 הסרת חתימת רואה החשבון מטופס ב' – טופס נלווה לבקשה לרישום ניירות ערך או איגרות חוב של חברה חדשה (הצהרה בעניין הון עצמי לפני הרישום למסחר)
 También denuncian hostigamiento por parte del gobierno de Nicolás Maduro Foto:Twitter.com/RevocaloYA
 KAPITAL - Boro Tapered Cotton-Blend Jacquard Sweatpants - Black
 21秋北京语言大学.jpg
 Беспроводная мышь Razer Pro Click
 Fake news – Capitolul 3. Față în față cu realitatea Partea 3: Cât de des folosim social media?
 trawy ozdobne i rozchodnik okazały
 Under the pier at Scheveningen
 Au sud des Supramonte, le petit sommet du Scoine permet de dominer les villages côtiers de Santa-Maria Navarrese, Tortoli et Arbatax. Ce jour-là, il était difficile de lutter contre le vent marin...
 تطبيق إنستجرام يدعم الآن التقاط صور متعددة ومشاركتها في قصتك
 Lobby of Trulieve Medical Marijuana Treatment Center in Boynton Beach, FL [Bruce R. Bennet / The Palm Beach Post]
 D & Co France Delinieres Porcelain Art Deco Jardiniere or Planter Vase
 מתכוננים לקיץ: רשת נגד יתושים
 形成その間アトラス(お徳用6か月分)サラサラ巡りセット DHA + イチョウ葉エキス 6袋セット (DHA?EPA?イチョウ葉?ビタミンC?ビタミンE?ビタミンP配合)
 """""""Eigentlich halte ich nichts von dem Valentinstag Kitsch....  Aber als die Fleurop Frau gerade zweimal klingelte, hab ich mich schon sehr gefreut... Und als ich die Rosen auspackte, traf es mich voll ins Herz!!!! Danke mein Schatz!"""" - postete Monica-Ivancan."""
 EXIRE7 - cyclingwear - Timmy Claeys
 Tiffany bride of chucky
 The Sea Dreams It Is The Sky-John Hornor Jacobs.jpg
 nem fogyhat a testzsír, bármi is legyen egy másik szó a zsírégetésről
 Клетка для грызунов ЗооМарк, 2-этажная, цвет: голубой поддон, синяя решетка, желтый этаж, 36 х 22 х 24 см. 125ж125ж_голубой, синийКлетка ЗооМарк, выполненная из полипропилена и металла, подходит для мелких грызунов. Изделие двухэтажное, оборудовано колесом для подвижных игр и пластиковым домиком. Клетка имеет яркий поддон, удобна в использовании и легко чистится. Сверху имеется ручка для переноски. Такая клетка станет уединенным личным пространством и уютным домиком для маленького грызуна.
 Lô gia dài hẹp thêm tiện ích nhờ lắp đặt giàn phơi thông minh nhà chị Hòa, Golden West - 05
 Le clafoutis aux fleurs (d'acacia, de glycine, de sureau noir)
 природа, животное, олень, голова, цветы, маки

────────────────────────────────────────

Task to carry out
Transcribe the records exactly as given.

Completed exercise
 הסרת חתימת רואה החשבון מטופס ב' – טופס נלווה לבקשה לרישום ניירות ערך או איגרות חוב של חברה חדשה (הצהרה בעניין הון עצמי לפני הרישום למסחר)
 También denuncian hostigamiento por parte del gobierno de Nicolás Maduro Foto:Twitter.com/RevocaloYA
 KAPITAL - Boro Tapered Cotton-Blend Jacquard Sweatpants - Black
 21秋北京语言大学.jpg
 Беспроводная мышь Razer Pro Click
 Fake news – Capitolul 3. Față în față cu realitatea Partea 3: Cât de des folosim social media?
 trawy ozdobne i rozchodnik okazały
 Under the pier at Scheveningen
 Au sud des Supramonte, le petit sommet du Scoine permet de dominer les villages côtiers de Santa-Maria Navarrese, Tortoli et Arbatax. Ce jour-là, il était difficile de lutter contre le vent marin...
 تطبيق إنستجرام يدعم الآن التقاط صور متعددة ومشاركتها في قصتك
 Lobby of Trulieve Medical Marijuana Treatment Center in Boynton Beach, FL [Bruce R. Bennet / The Palm Beach Post]
 D & Co France Delinieres Porcelain Art Deco Jardiniere or Planter Vase
 מתכוננים לקיץ: רשת נגד יתושים
 形成その間アトラス(お徳用6か月分)サラサラ巡りセット DHA + イチョウ葉エキス 6袋セット (DHA?EPA?イチョウ葉?ビタミンC?ビタミンE?ビタミンP配合)
 """""""Eigentlich halte ich nichts von dem Valentinstag Kitsch....  Aber als die Fleurop Frau gerade zweimal klingelte, hab ich mich schon sehr gefreut... Und als ich die Rosen auspackte, traf es mich voll ins Herz!!!! Danke mein Schatz!"""" - postete Monica-Ivancan."""
 EXIRE7 - cyclingwear - Timmy Claeys
 Tiffany bride of chucky
 The Sea Dreams It Is The Sky-John Hornor Jacobs.jpg
 nem fogyhat a testzsír, bármi is legyen egy másik szó a zsírégetésről
 Клетка для грызунов ЗооМарк, 2-этажная, цвет: голубой поддон, синяя решетка, желтый этаж, 36 х 22 х 24 см. 125ж125ж_голубой, синийКлетка ЗооМарк, выполненная из полипропилена и металла, подходит для мелких грызунов. Изделие двухэтажное, оборудовано колесом для подвижных игр и пластиковым домиком. Клетка имеет яркий поддон, удобна в использовании и легко чистится. Сверху имеется ручка для переноски. Такая клетка станет уединенным личным пространством и уютным домиком для маленького грызуна.
 Lô gia dài hẹp thêm tiện ích nhờ lắp đặt giàn phơi thông minh nhà chị Hòa, Golden West - 05
 Le clafoutis aux fleurs (d'acacia, de glycine, de sureau noir)
 природа, животное, олень, голова, цветы, маки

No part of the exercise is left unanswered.